Fifteen typical maize plants were sampled at the beginning of experiment and tagged to measure the maize height and stem diameter every 15 days from the beginning of the experiment to the end. The maize height was measured from the plant base to the last opened leaf and the stem diameter was determined with a Vernier caliper 10 cm above the plant base. The roots were excavated with a 0.10 m diameter soil auger 100 days after sowing and each treatment was randomly sampled with five representative maize plants. Soil cores were extracted at six depths (0–10, 10–20, 20–30, 30–40, 40–50 and 50–60 cm) and mixed from three points (¼ row spacing, ½ row spacing and ½ line spacing). The samples were brought to the laboratory for analysis of RDW, RLD and RSA.

The maize yield was estimated by harvesting fifteen tagged maize plants at the end of the physiological maturity.
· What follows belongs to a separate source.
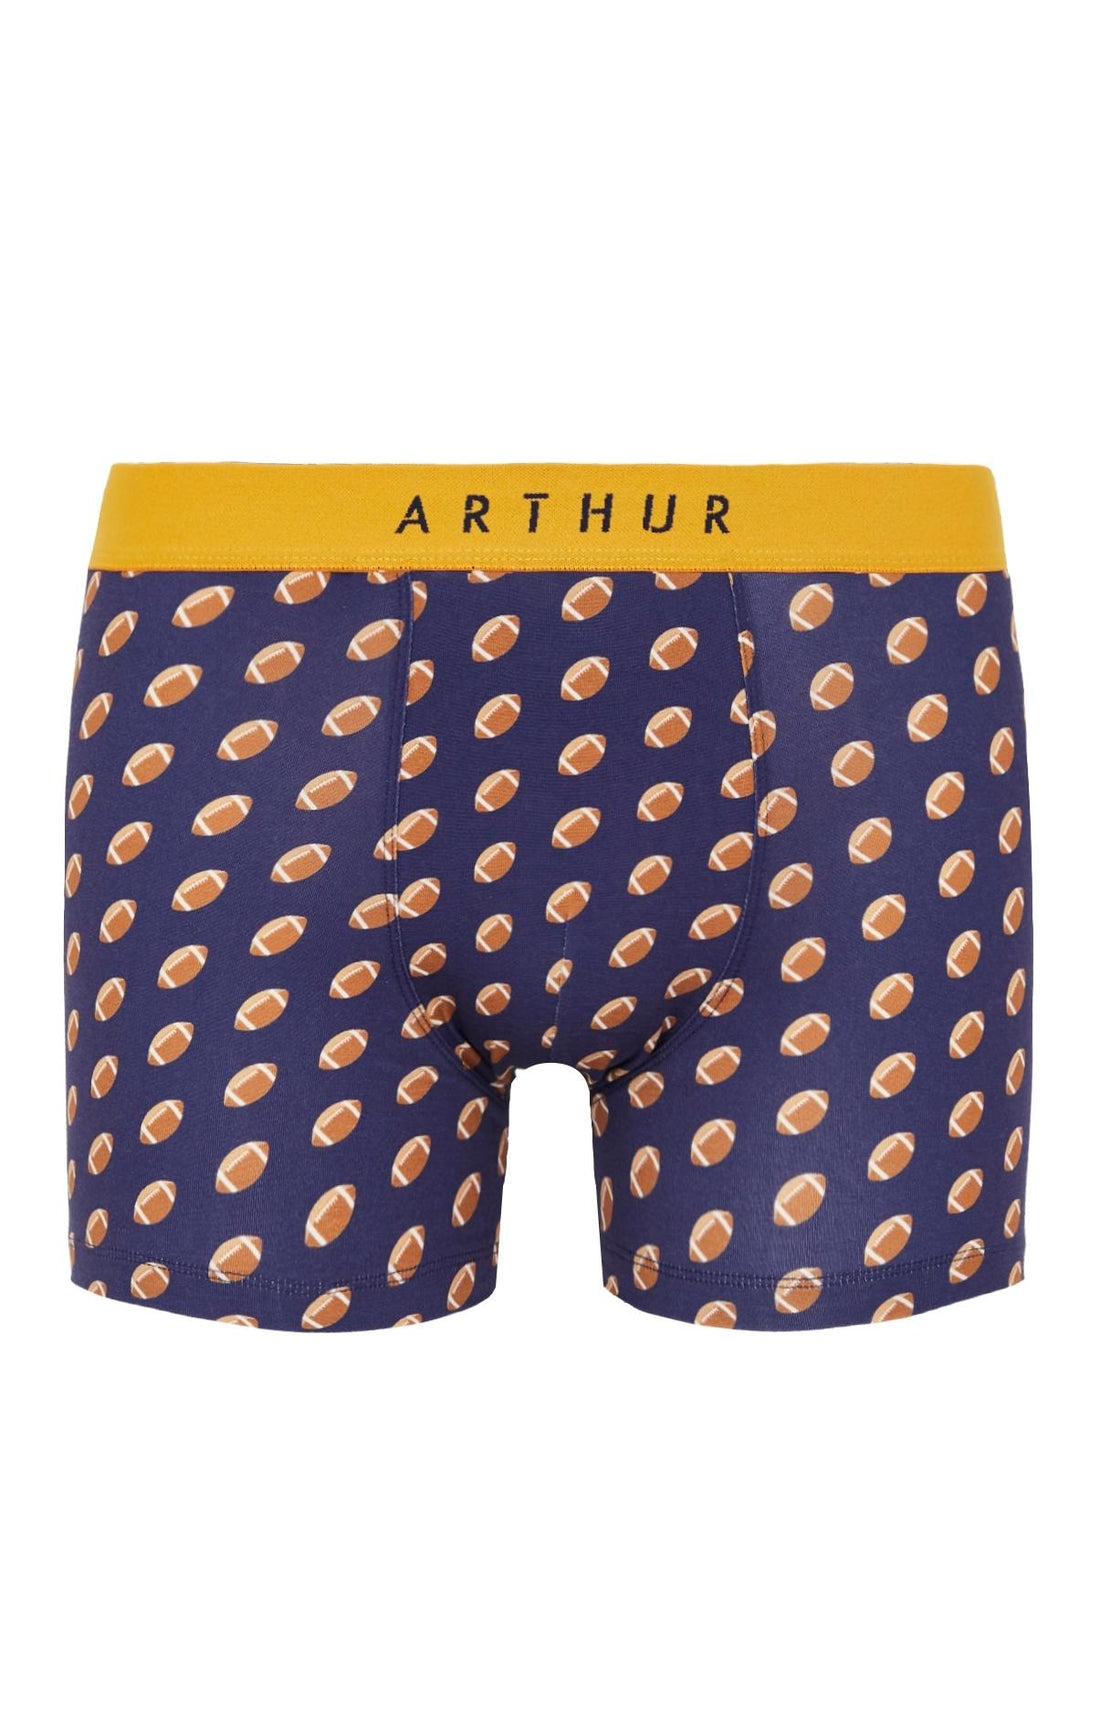 Boxer Marine | Sous-vêtements homme – Arthur

The samples were dried in an open environment, and the yield was determined after threshing. Total grains from a single maize were weighted. The number of maize on the tagged plants was counted. IWUE, RUE and WUE were calculated using the following formulas:

$$IWUE=Y/I$$
(1)
$$RUE=Y/R$$
(2)
$$WUE=Y/W$$
(3)

where Y is the maize yield (kg/ha), I is the irrigation quota (m3), R is the rainfall per hectare (m3), and W is the consumed water amounts per hectare (m3).
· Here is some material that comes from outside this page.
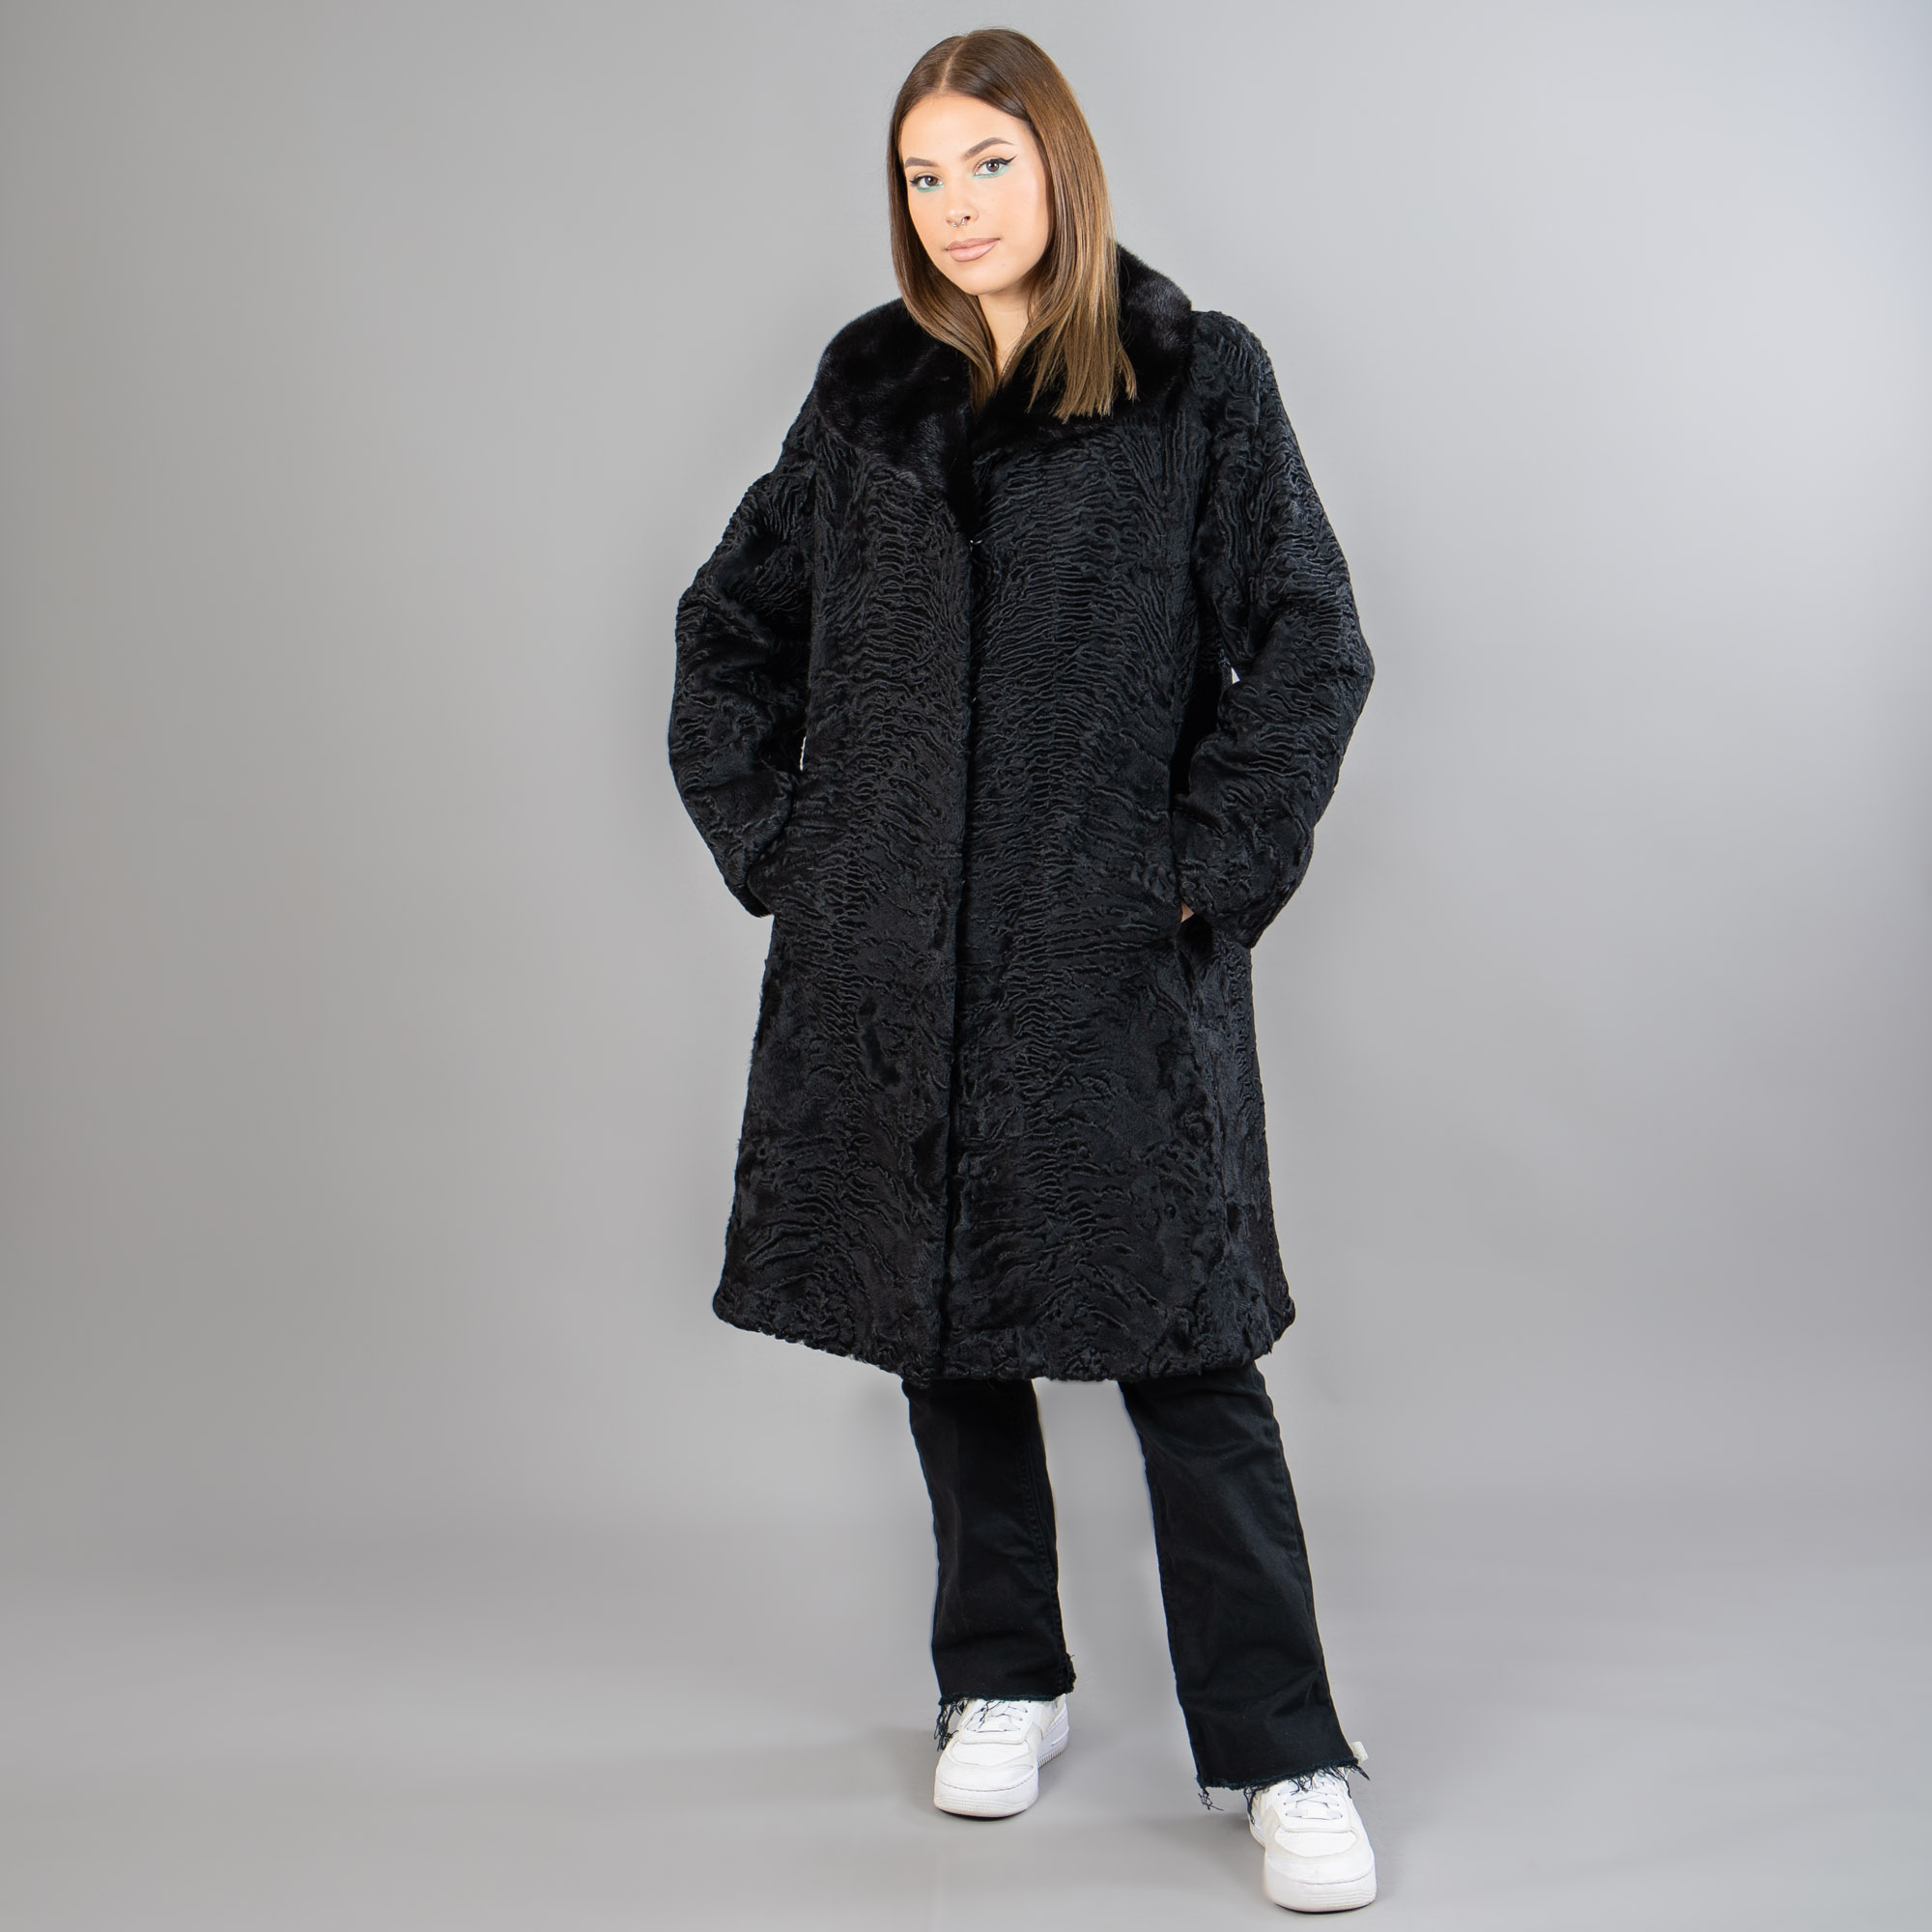 atrakhan and mink fur coat in black color

Five maize per treatment were sampled for the nutritional quality measurements. The threshed maize kernels were evenly mixed, and each nutritional quality test sample weighed 200 g. Crude fiber was measured via the intermediate filtration method. The fat content was determined via the Soxhlet extractor method. The starch, crude protein, and crude ash were determined via near-infrared absorption, the Kjeldahl method, and combustion at 550 °C, respectively. The vitamin C content was measured using the 2,6-dichloro-indophenol titration method.

Data analysis

All data are presented as the mean ± standard deviation. ANOVA was performed using the SPSS 22.0 software package. The least significant difference (LSD) test at a p value of 0.05 was used to separate treatment means exhibiting significant differences.